§ Information shown:
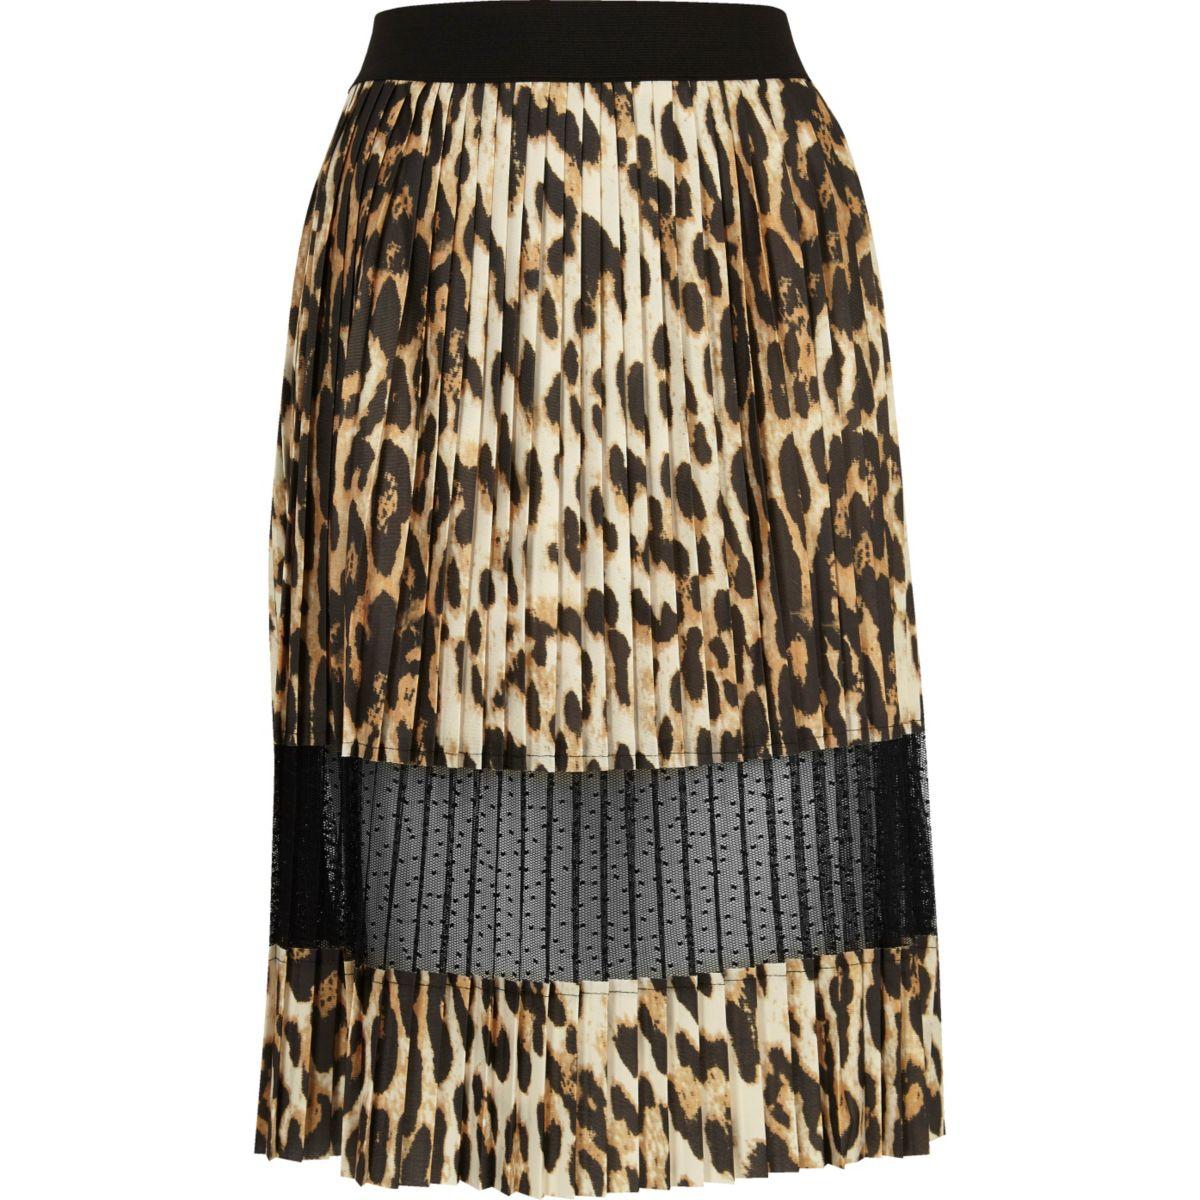 Brown leopard print lace panel midi skirt
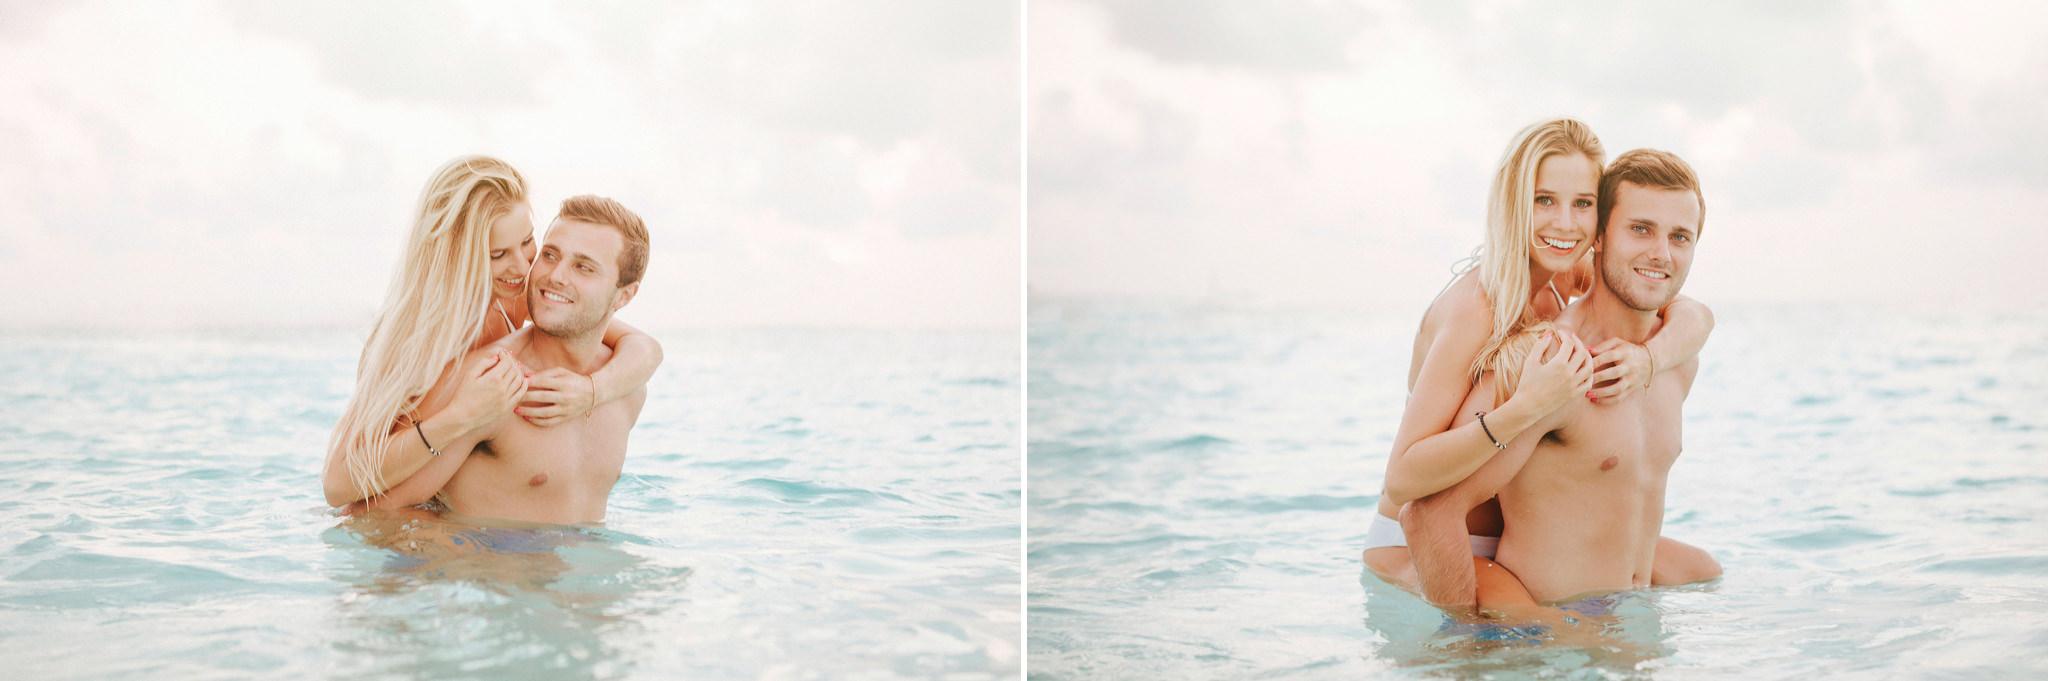 044-maldives-destination-wedding-photographer.jpg
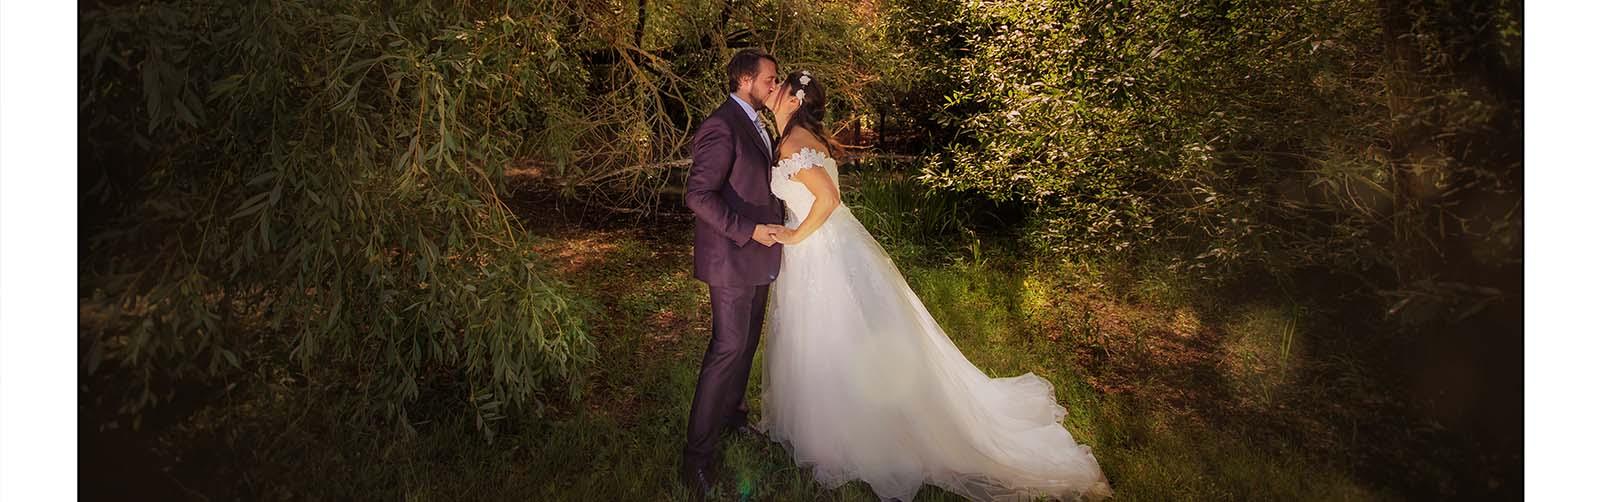 Ludovic Schuver, Le reportage photo du mariage
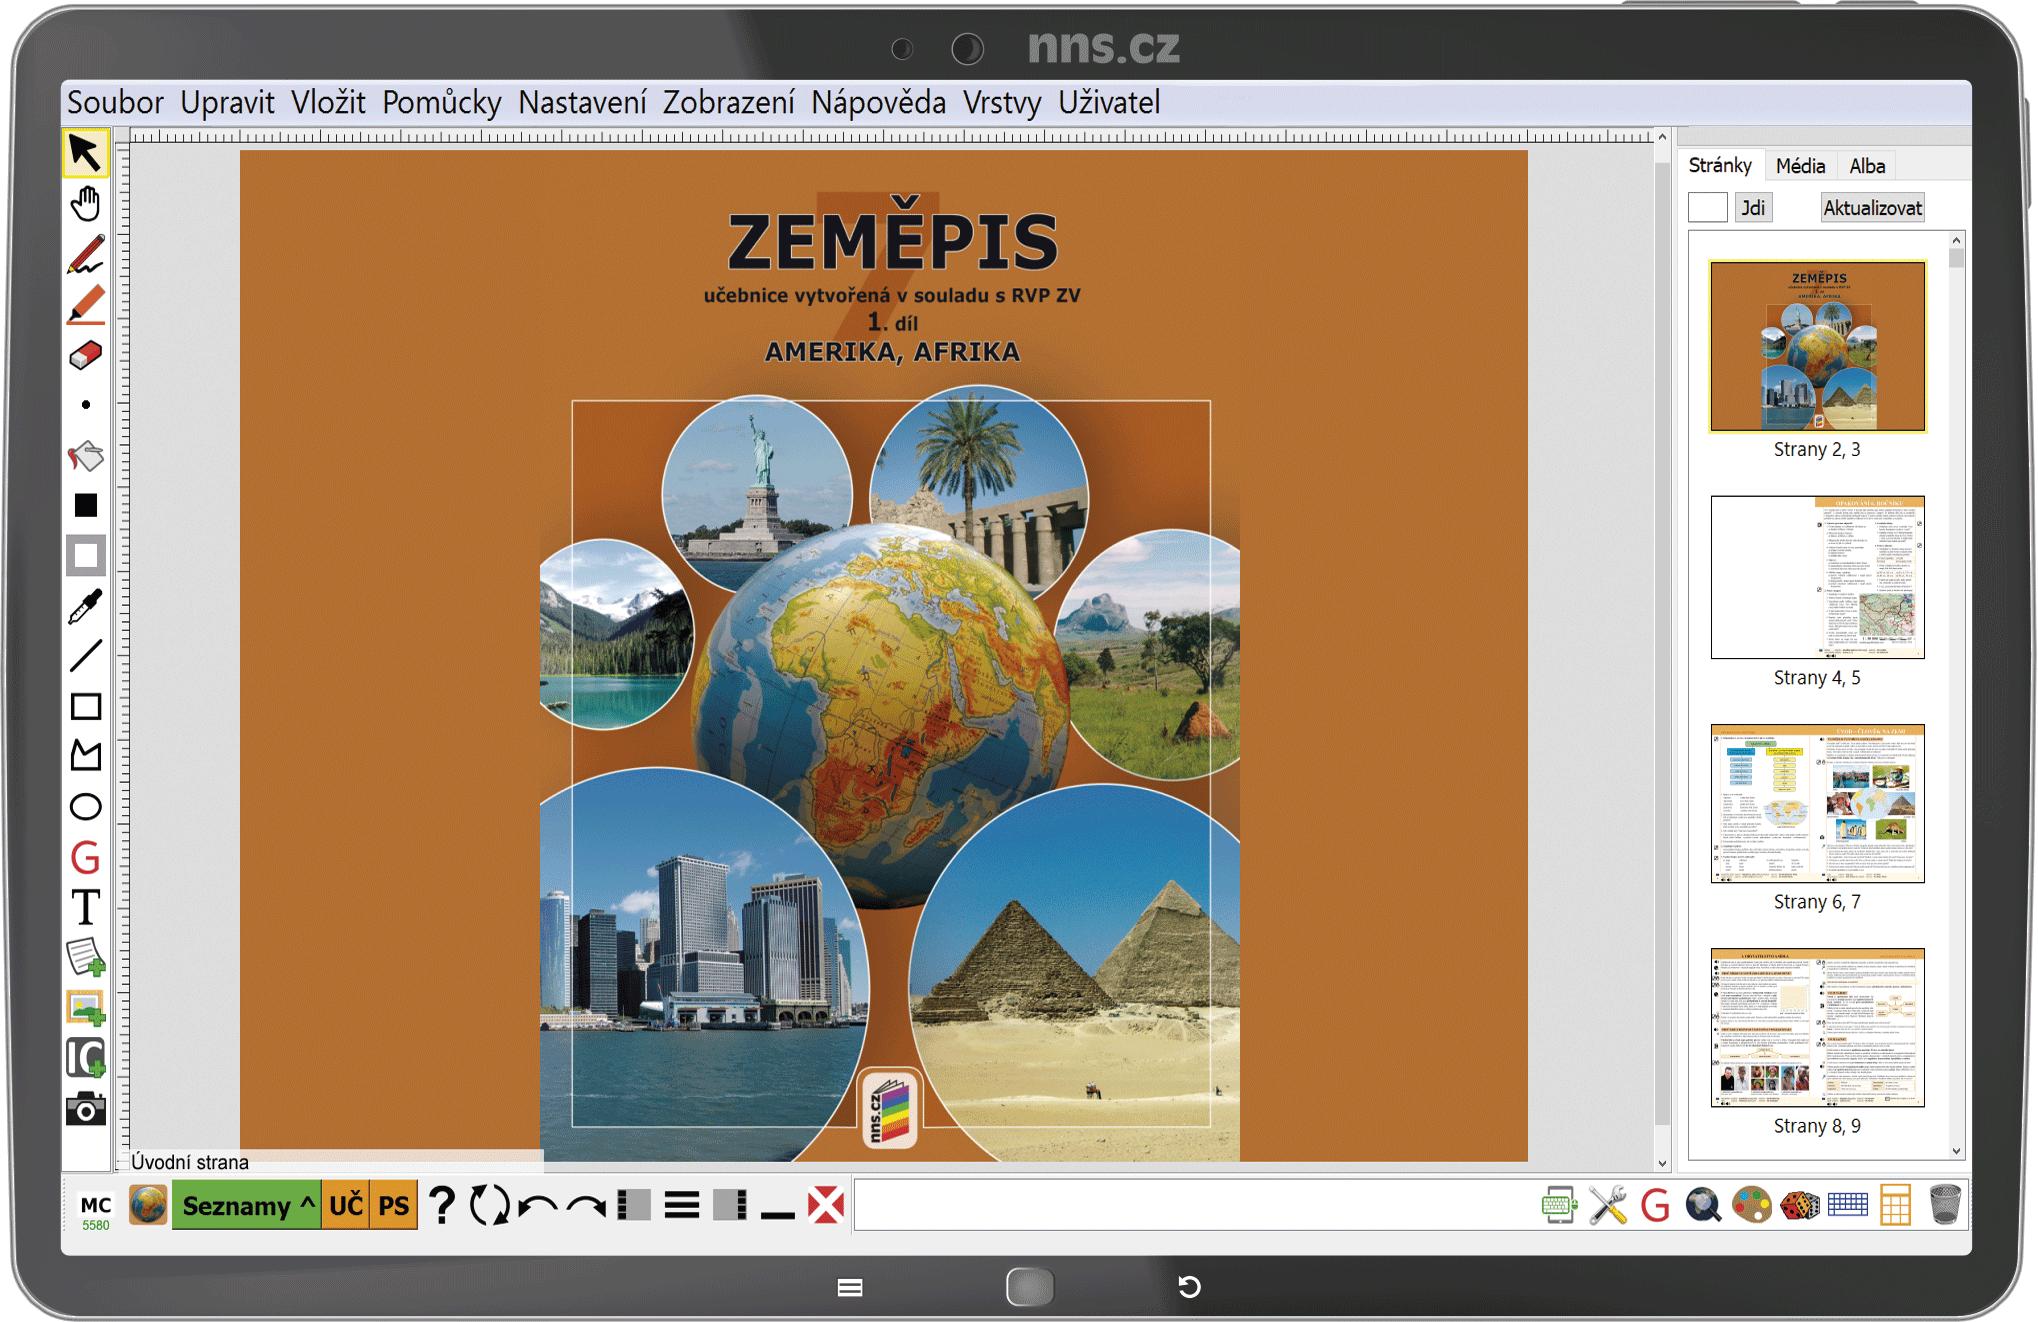 MIUč+ Zeměpis 7, 1. díl - Amerika, Afrika - žák. licence na 1 šk. rok

§ Activity: Pictures are not part of the copy. Please reproduce the material word for word.

§ Output below:
 Brown leopard print lace panel midi skirt
 044-maldives-destination-wedding-photographer.jpg
 Ludovic Schuver, Le reportage photo du mariage
 MIUč+ Zeměpis 7, 1. díl - Amerika, Afrika - žák. licence na 1 šk. rok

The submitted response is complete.